**Study material:**
************

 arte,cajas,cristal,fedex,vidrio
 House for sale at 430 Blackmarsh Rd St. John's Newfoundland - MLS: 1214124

************

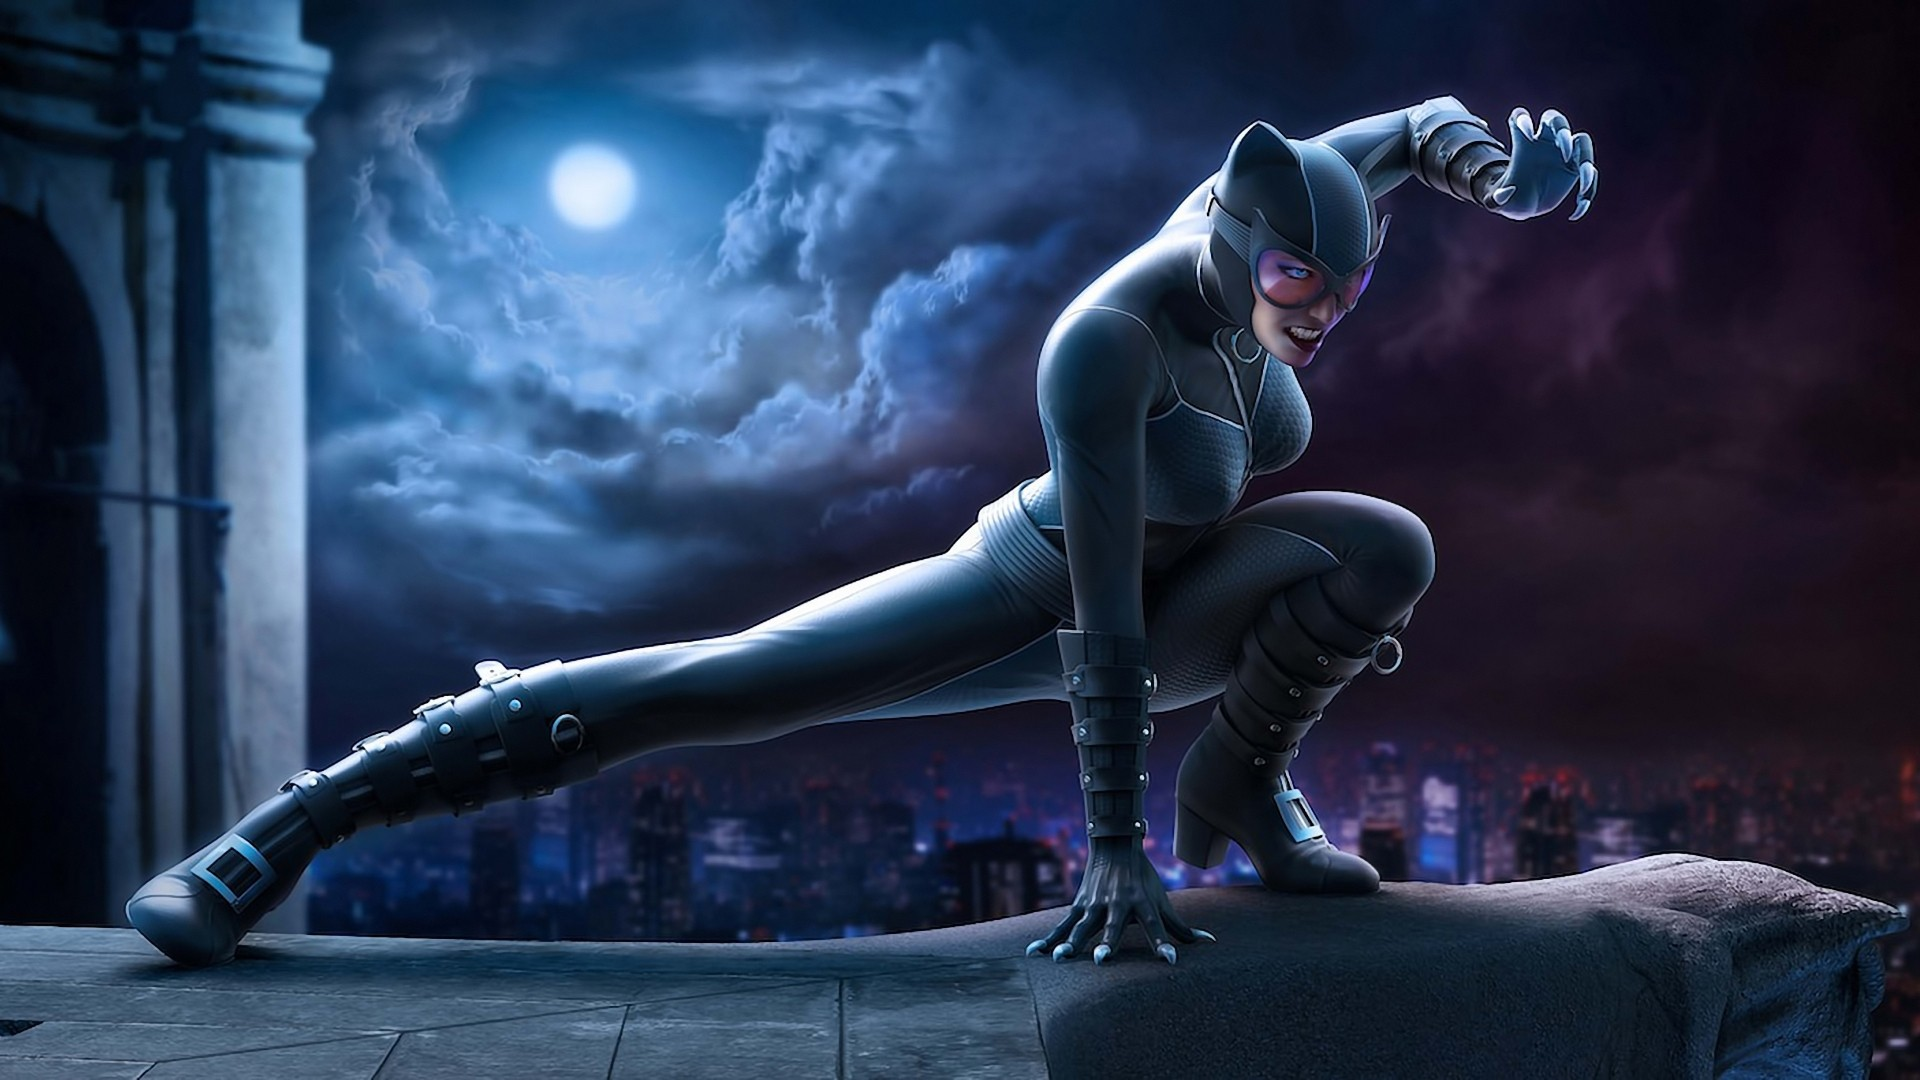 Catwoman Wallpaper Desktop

************

**Work order:** From the records above, reproduce exactly the lines from the one with "arte,cajas,cristal,fedex,vidrio" to the one with "House for sale", both included, and no others.

**Output for this task:**
 arte,cajas,cristal,fedex,vidrio
 House for sale at 430 Blackmarsh Rd St. John's Newfoundland - MLS: 1214124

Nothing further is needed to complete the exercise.